Czy silnik z wirującym tłokiem, zwany od nazwiska wynalazcy silnikiem Wankla, wróci na drogi jako pełnoprawny napęd samochodów? Mazda należy do producentów, którzy podążają własnymi ścieżkami, wbrew narzucanym schematom.
To właśnie Mazda ogłosiła w ubiegłym roku, że nie zamierza odchodzić od silników spalinowych, bo da sobie radę z radykalnym zmniejszeniem ich emisji, co potwierdziła seria silników SkyActive. To właśnie Mazda miała w swojej kolekcji modele Cosmo Sport i późniejsze RX-7 i RX-8 z własnym „Wanklem” oraz udane próby z zastosowaniem do jego zasilania wodoru i LPG. A gdyby tak połączyć najlepsze z dwóch światów i wpisać Wankla w trend… elektromobilności?
To całkiem realne, jak dowiedział się Jacek Bieniaszkiewicz.
– Prowadzimy poszukiwania w dziedzinie silników elektrycznych. Ale nie możemy wprowadzić na rynek samochodu, który nie będzie oddawał „DNA marki”. W związku z tym, grupa kilkudziesięciu inżynierów pracowała nad silnikiem Wankla.
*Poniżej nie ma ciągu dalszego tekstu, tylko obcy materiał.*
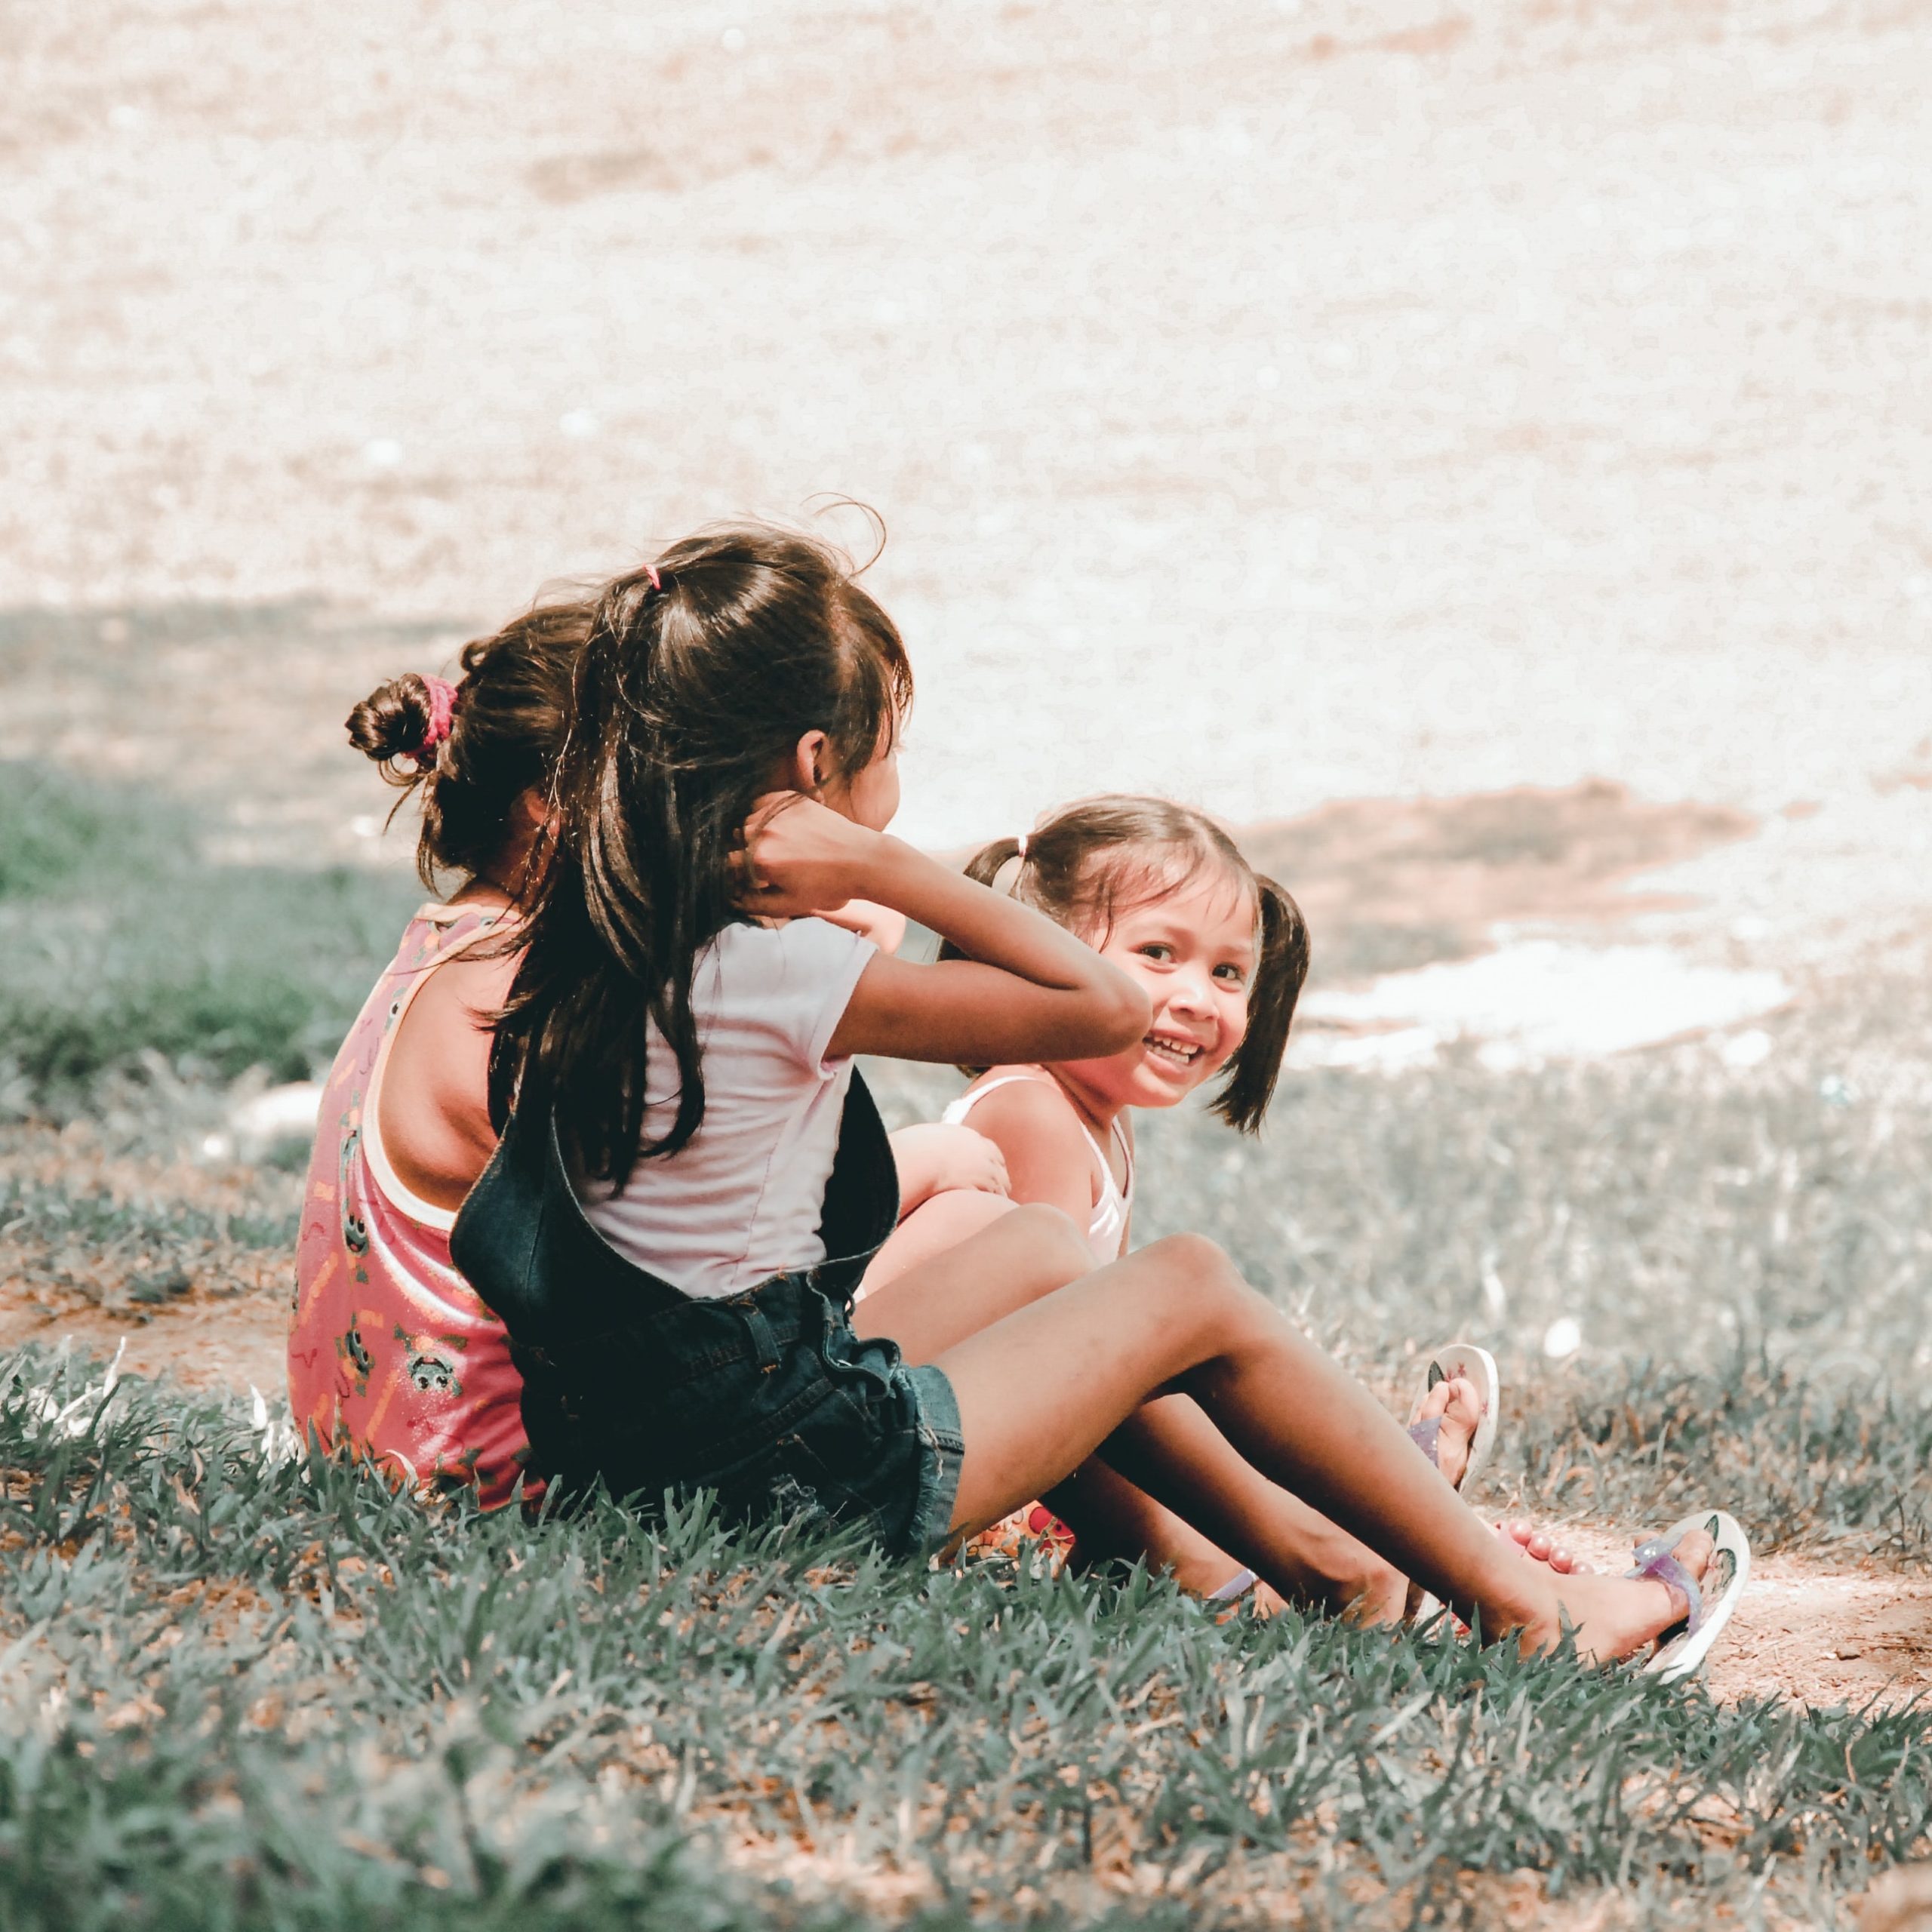 Three kids sit on the grass. Two of them are facing away, but one is looking directly at the camera smiling.

Na dzisiejszym etapie doszliśmy do wniosku, ze wprowadzimy w 2022 roku samochód elektryczny, ale będzie również możliwość wprowadzenia do niego silnika Wankla, który będzie pracował jako tzw. range-extender, czyli będzie przedłużał zasięg samochodu – zapowiada Wojciech Halarewicz, wiceprezes Mazda Motor Europe.